ACCERTAMENTI INPGI SUI REDDITI 2018 E 2019 DEI GIORNALISTI AUTONOMI: COSA SAPERE

Inoltriamo 
dal delegato Inpgi per il Friuli Venezia Giulia, Maurizio Bekar:


L'INPGI AVVIA ACCERTAMENTI
SUI REDDITI 2018 E 2019 DEI GIORNALISTI:
ECCO COSA SAPERE

L’Istituto Nazionale di Previdenza dei Giornalisti Italiani (INPGI) ha avviato – come di consueto – la campagna di verifiche per accertare il corretto versamento dei contributi previdenziali sui redditi derivanti da attività giornalistica autonoma. L’operazione riguarda i compensi dichiarati al Fisco ma non ancora assoggettati alla contribuzione obbligatoria presso l’ente.

Chi è coinvolto?
I giornalisti freelance, titolari di Partita IVA o che percepiscono redditi autonomi tramite ritenuta d’acconto o cessione del diritto d’autore, devono obbligatoriamente versare i contributi all’INPGI per i compensi derivanti da attività giornalistica. Ogni anno, entro il 30 settembre, devono comunicare all’INPGI i redditi percepiti l’anno precedente per il calcolo dei contributi dovuti che, è utile ricordarlo, non costituiscono “tasse” bensì vanno a incrementare il c.d. salario differito utile a costruire il proprio futuro pensionistico.

Quali anni sono interessati?
I controlli riguardano i redditi del 2018 e 2019, già acquisiti dall’Anagrafe Tributaria.
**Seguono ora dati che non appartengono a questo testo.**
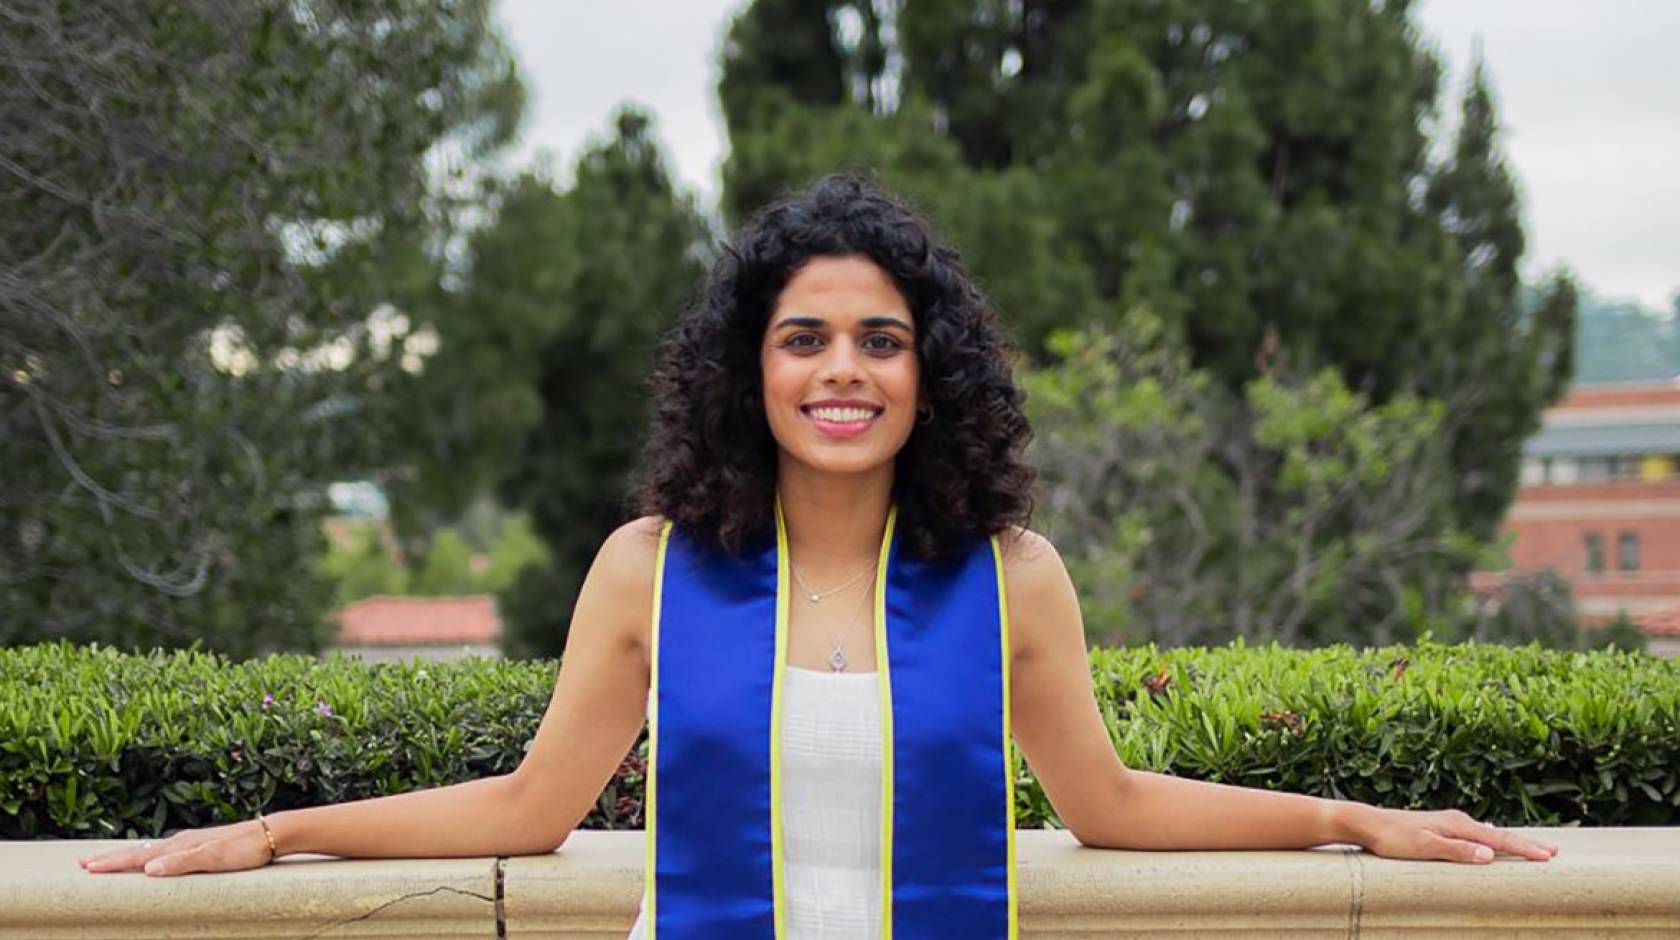 Meera Varma, at her UCLA graduation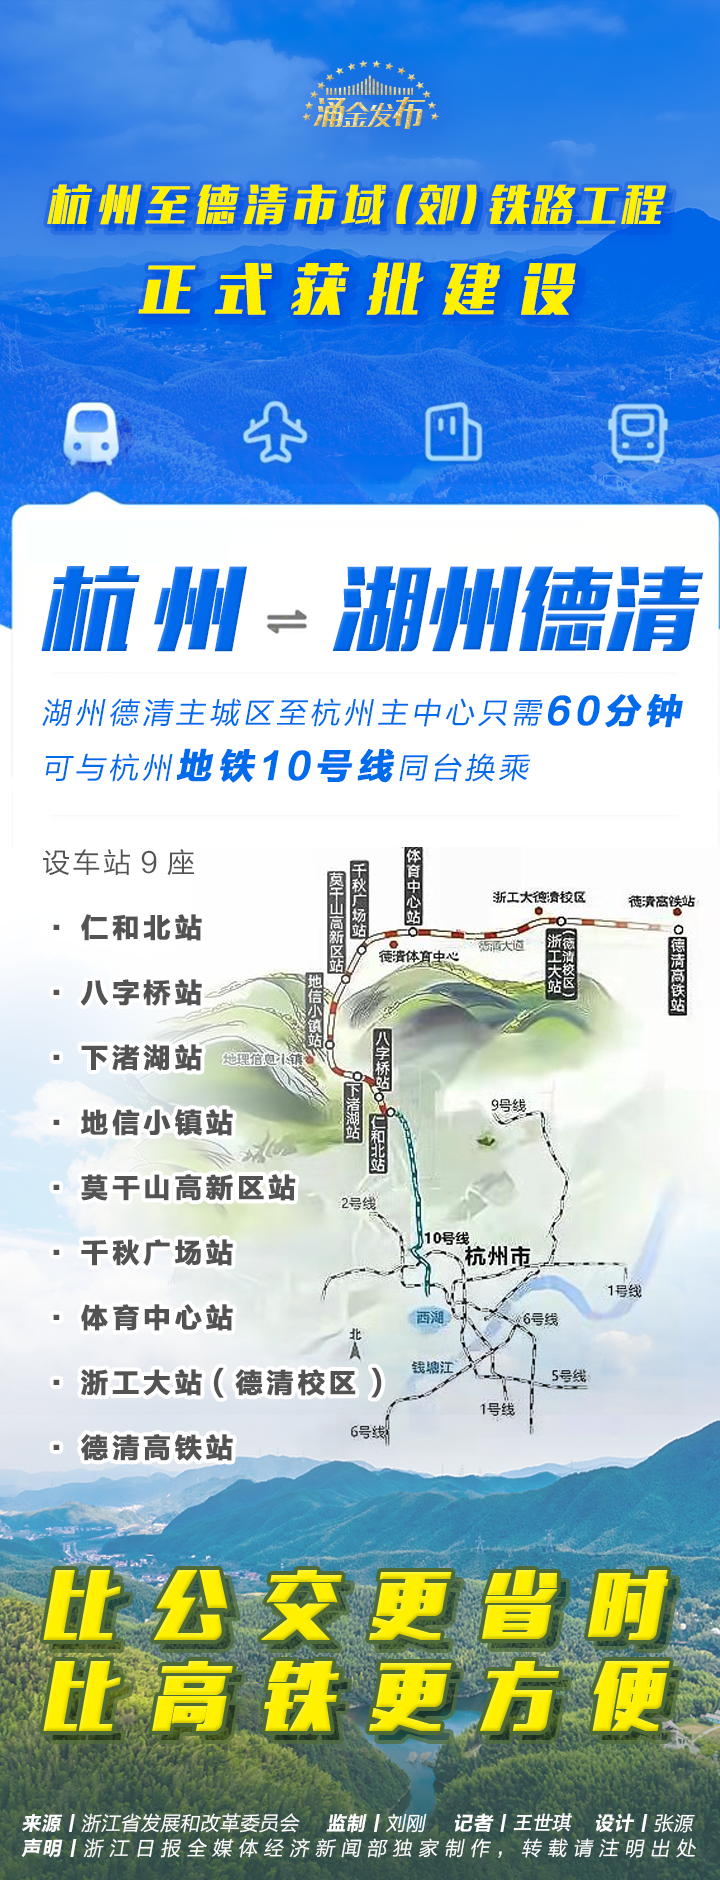 杭州至德清市域郊铁路正式获批建设9个站点在这里

Entro fine anno, l’INPGI dovrebbe ottenere dall’Agenzia anche i dati relativi al 2020 e 2021 e quindi anche per questi anni partirà la campagna di accertamento.

Attenzione alla prescrizione
Alcuni giornalisti potrebbero pensare che i contributi dovuti per il 2018 siano ormai prescritti, ma non è così. La normativa ha previsto sospensioni dei termini posticipando le scadenze:

• Contributi 2018: prescrizione prorogata al 7 settembre 2025

• Contributi 2019: prescrizione prorogata al 30 aprile 2026

Quindi, l’INPGI ha ancora tempo per richiedere il pagamento delle somme dovute.

Come avvengono i controlli?
L’INPGI confronta i dati dichiarati dai giornalisti con quelli dell’Anagrafe Tributaria (Agenzia delle Entrate). Se emergono discrepanze – ovvero redditi non dichiarati all’ente o comunicati in modo differente rispetto a quanto registrato dal Fisco – viene chiesto ai giornalisti di chiarire se tali somme derivano da attività giornalistica o da altre professioni.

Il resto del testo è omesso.